Clarea. Los objetos comienzan a recortarse con nitidez en este cuarto de goces urgentes y sentimientos imprecisos. Noto su mano deslizándose cautelosa sobre mi vientre velloso y desnudo. No respondo al estímulo. Permanezco impasible a su tentativa y vuelvo a sumergirme en mis cavilaciones. Ella retira su mano.
Sonrío transportado al recuerdo de una de las habituales incursiones nocturnas. El objetivo, sorprender y capturar o abatir a los señalados como enemigos.

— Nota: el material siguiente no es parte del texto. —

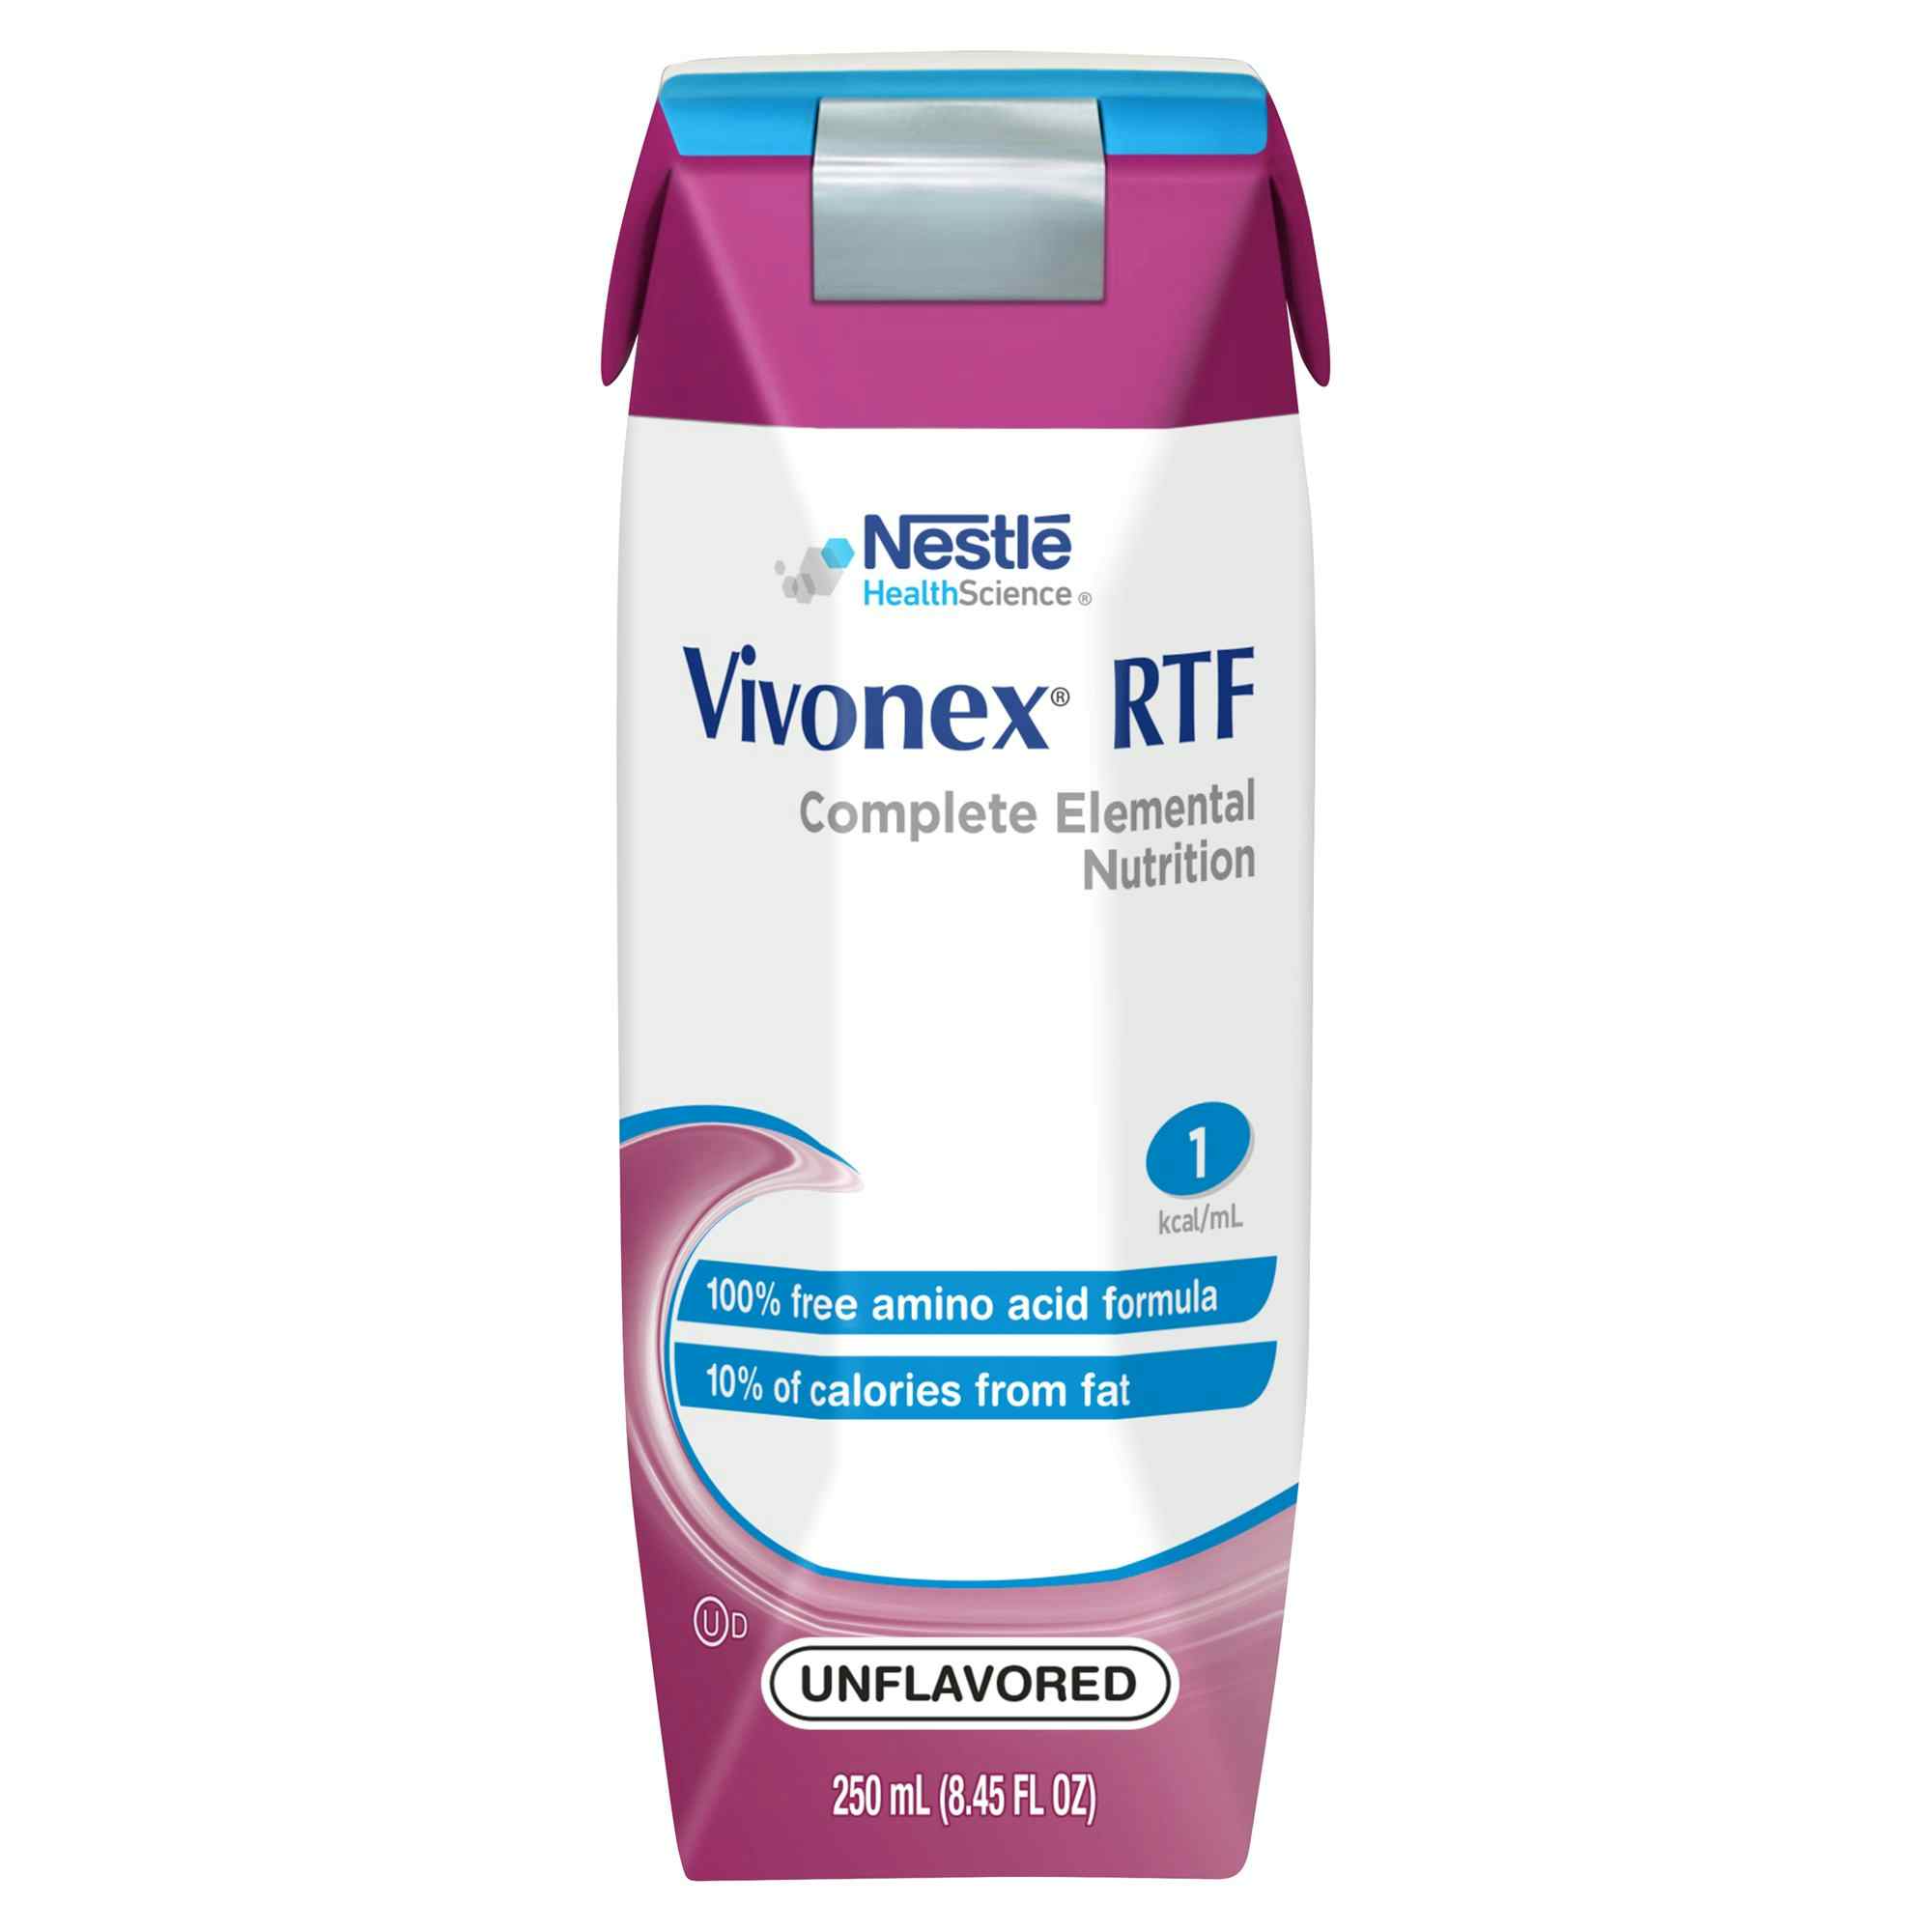 Nestle HealthScience Vivonex RTF Complete Elemental Nutrition Tube Feeding Formula, 8.45 oz., 10043900362509, 1 Each
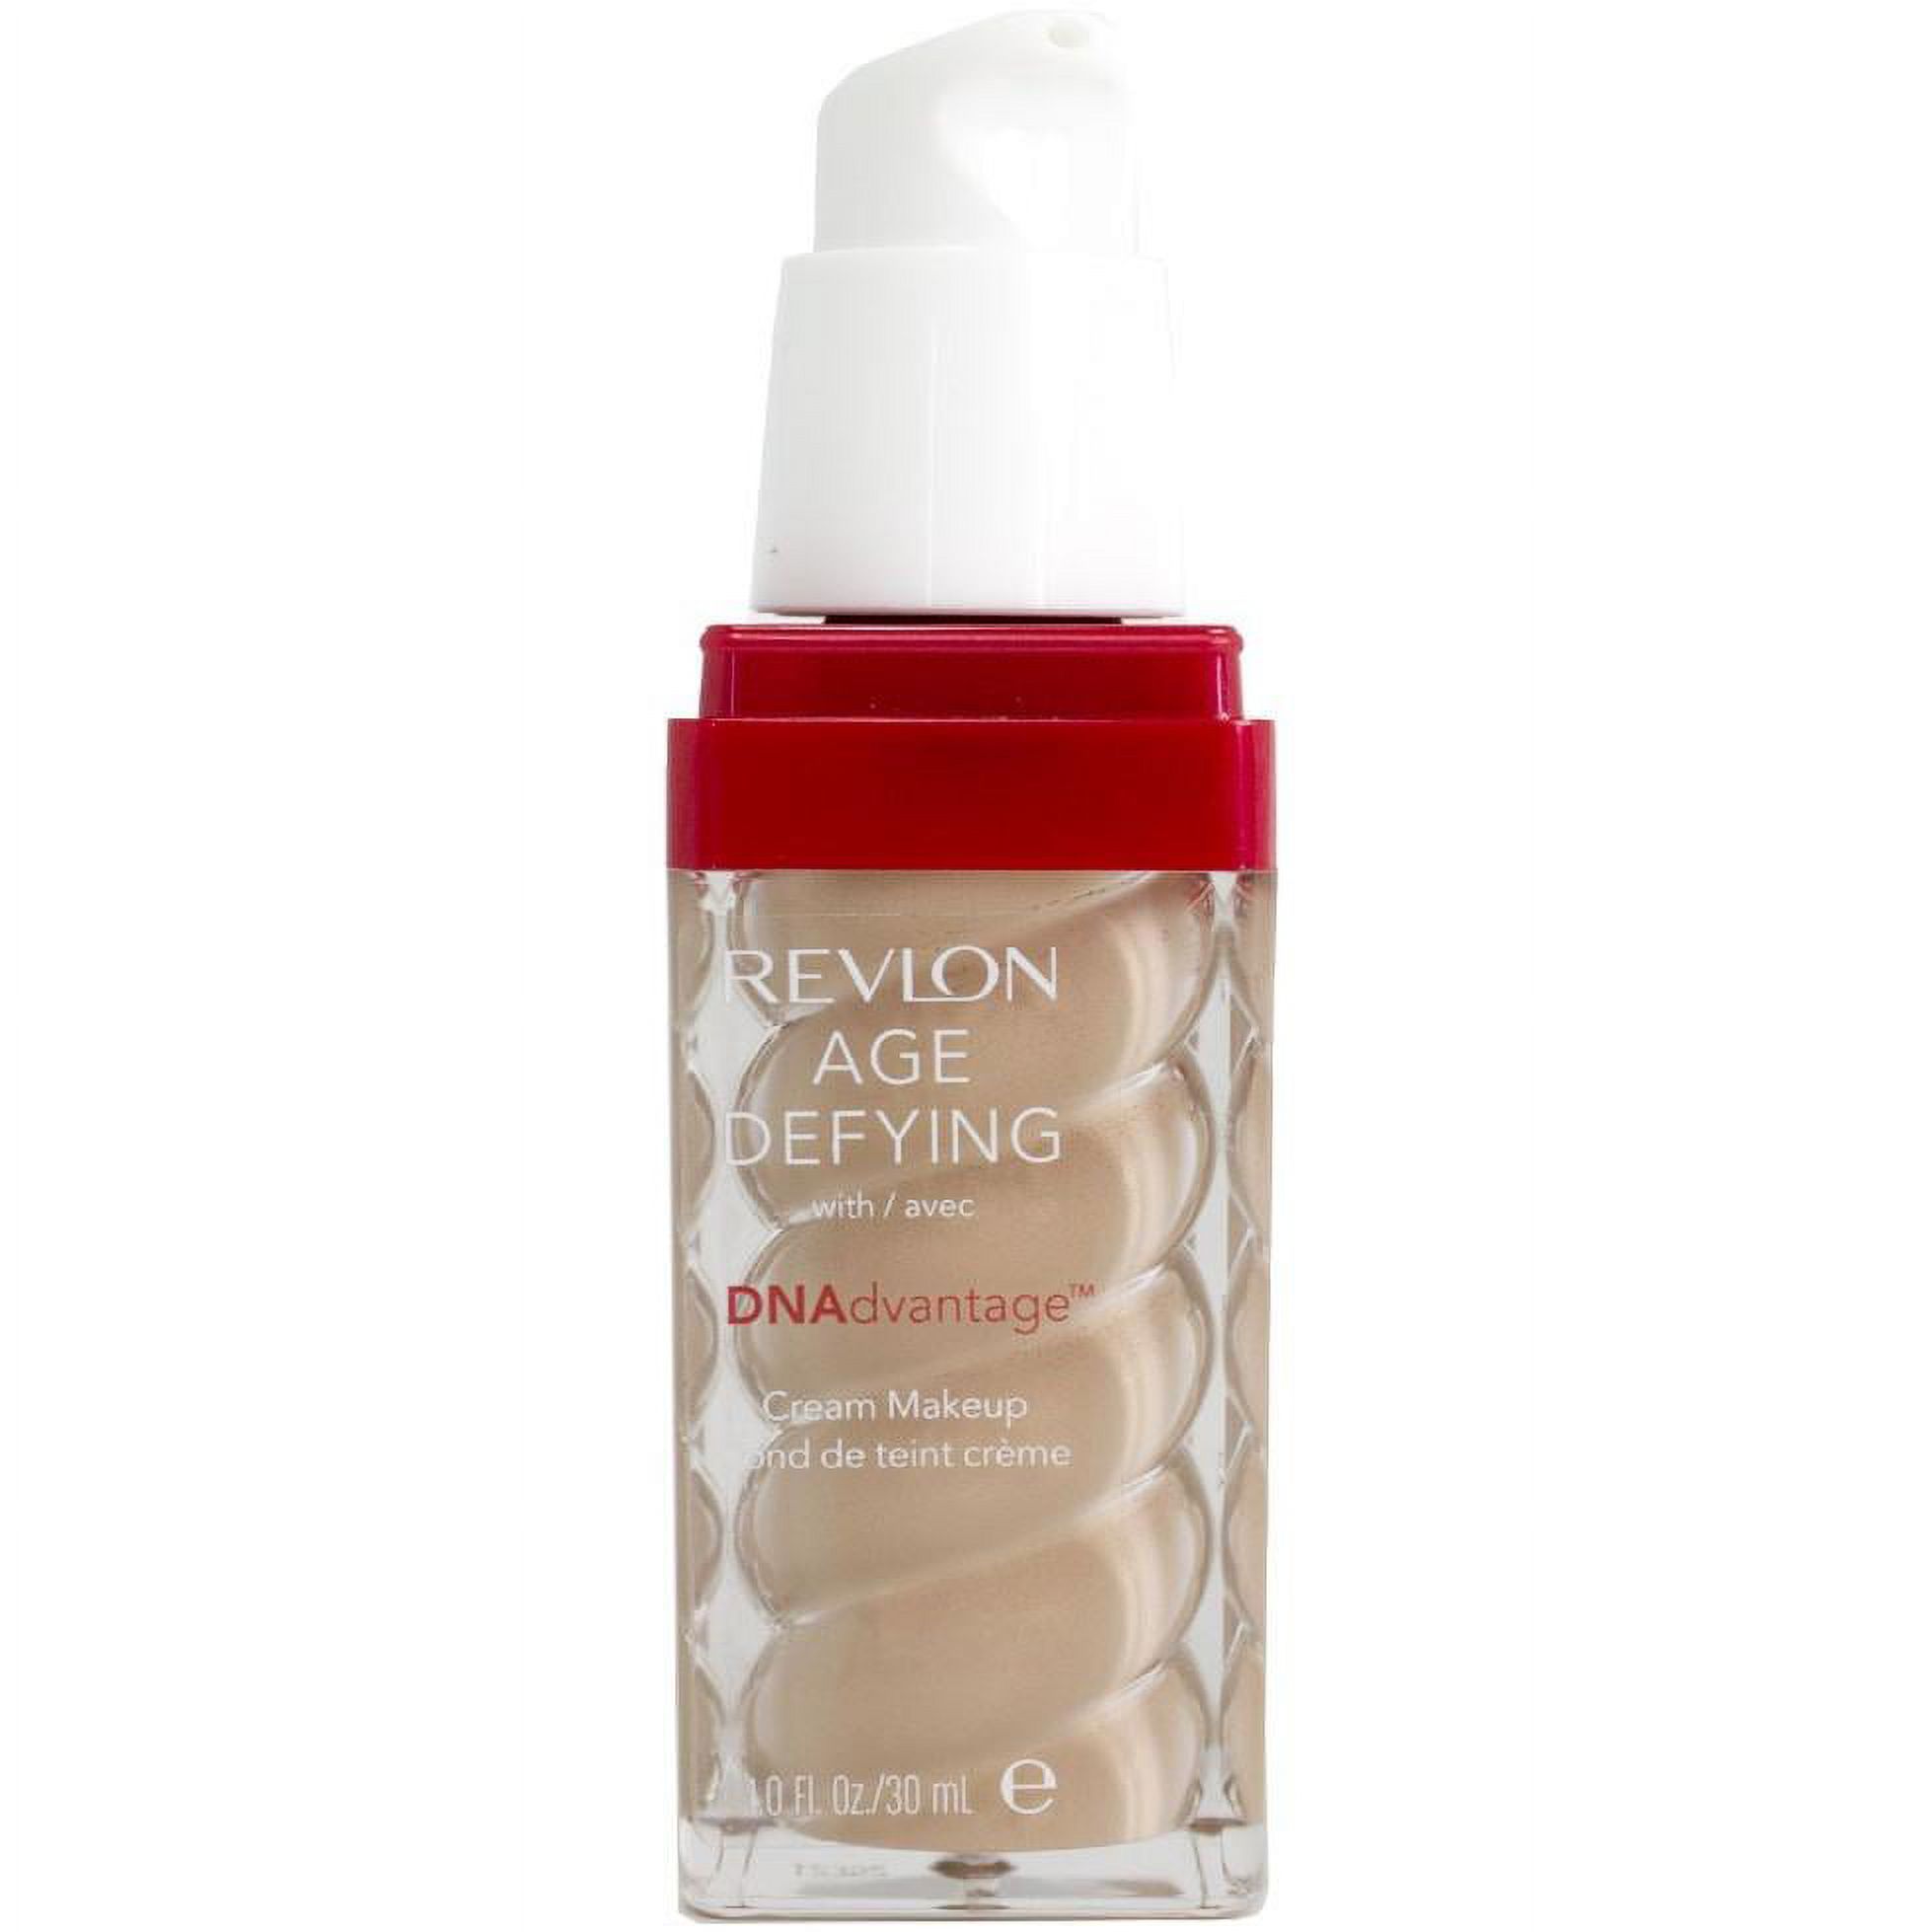 Revlon Age Defying with DNA Advantage Cream Makeup, 05 Fresh Ivory, 1 fl oz - image 3 of 12

Un paisano se quejó al alférez acusando a la soldadesca del robo de una gallina. El oficial prometió consejo de guerra para el infractor. Una pena quizá excesiva, pero cumplía el objetivo de satisfacer verbalmente a aquel pobre diablo. Nos hizo formar y vaciar los macutos. La pita no apareció y el hombre se alejó refunfuñando, manteniendo la acusación y prometiendo venganza. Sin pronunciar palabra continuamos la marcha hasta el campamento. Fue entonces cuando nos mandó sentar en corro, y soltó: “¿Dónde coño escondisteis la gallina?” El más audaz, el cazador furtivo, se levantó, adoptó la posición de firmes y en tono solemne, dijo: “En el tambor, mi alférez.” La hilaridad hizo presa en él. Cuando tomó resuello, dijo: “¡Estos son mis soldados! Sabía que no aparecería. Vamos muchachos, preparad fuego que esta noche hay asado”.